Tesco has been on the up recently, but Inside Out London (BBC1, 13 February, 7.30pm) revealed systemic problems remain.
Methodical investigative work by Jonathan Gibson found Tesco has been overcharging customers by failing to remove expired promo tickets. Many shoppers snapping up a two for one deal got charged for both instead. And it wasn’t just one or two stores. Of 50 visited, 33 were riddled with errors.
Why? Because promotions change so frequently that staff tasked with switching the labels got in a “right muddle”. Another checked one out-of-date label but didn’t remove it. It was still there a month later.
Tesco’s initial response was lame. It refused to offer anyone up for interview, instead issuing a statement that said it “took great care to deliver clear and accurate price labels for our customers”. A bold claim, given the extraordinary sloppiness on display. Some labels were weeks out of date. “Too long,” said Martin Fisher from Trading Standards. “Very, very worrying.”

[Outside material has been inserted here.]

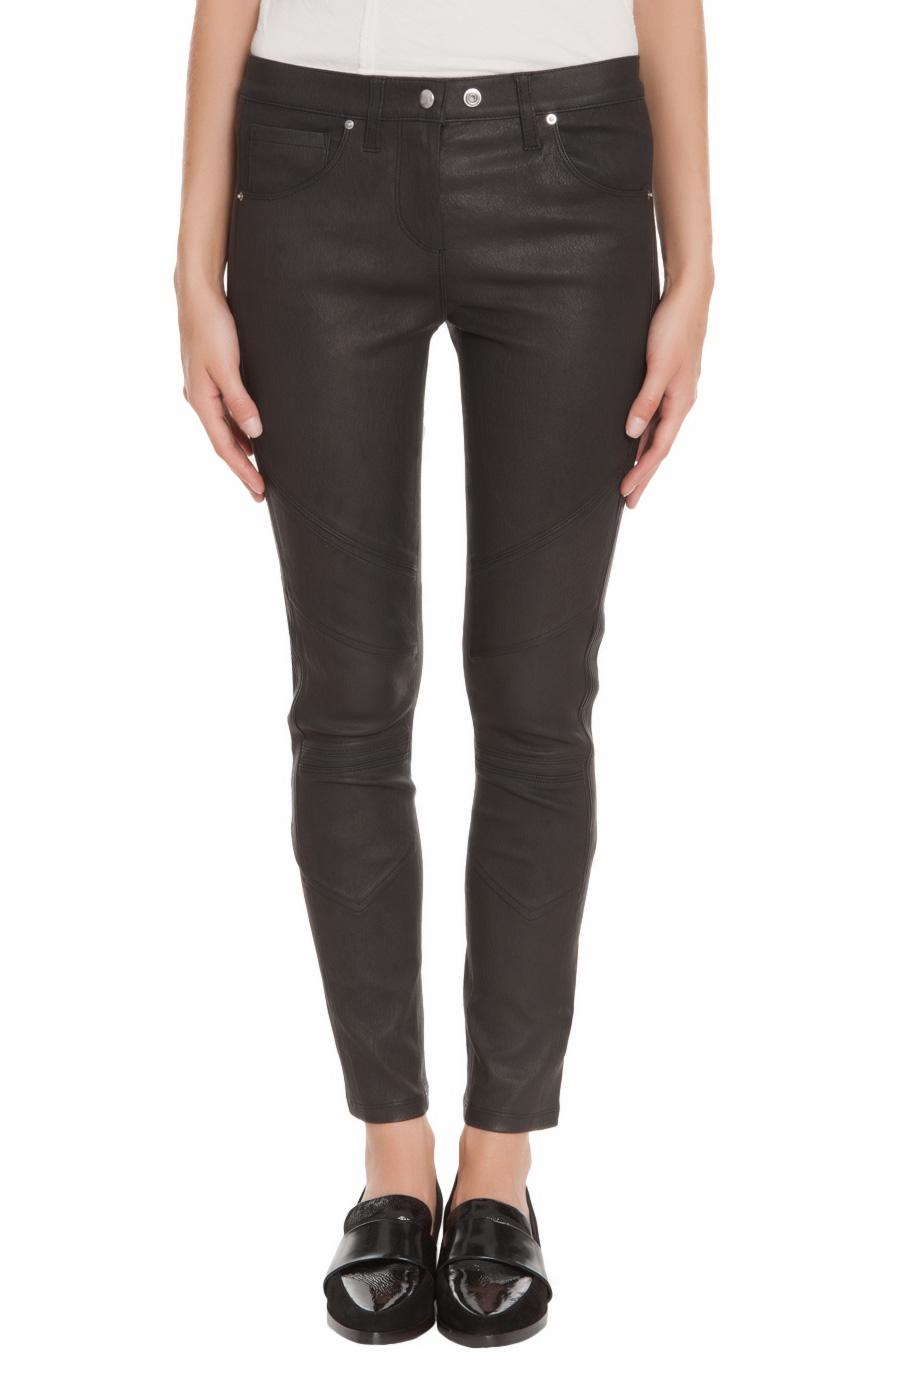 Black jelena leather skinny pant

Apologists will suggest mistakes will always occur due to the complexities of running so many promotions across so many lines in so many stores. I don’t buy that. Just don’t run them. Any promo strategy that routinely rips off customers is fundamentally flawed.
Tesco has now vowed to investigate, “double-checking” promotional paper tickets across 3,500 stores. Which sounds like as much fun as painting the Forth Bridge. And it’s probably also having (another) chat about switching to relatively expensive NFC/LED labelling instead.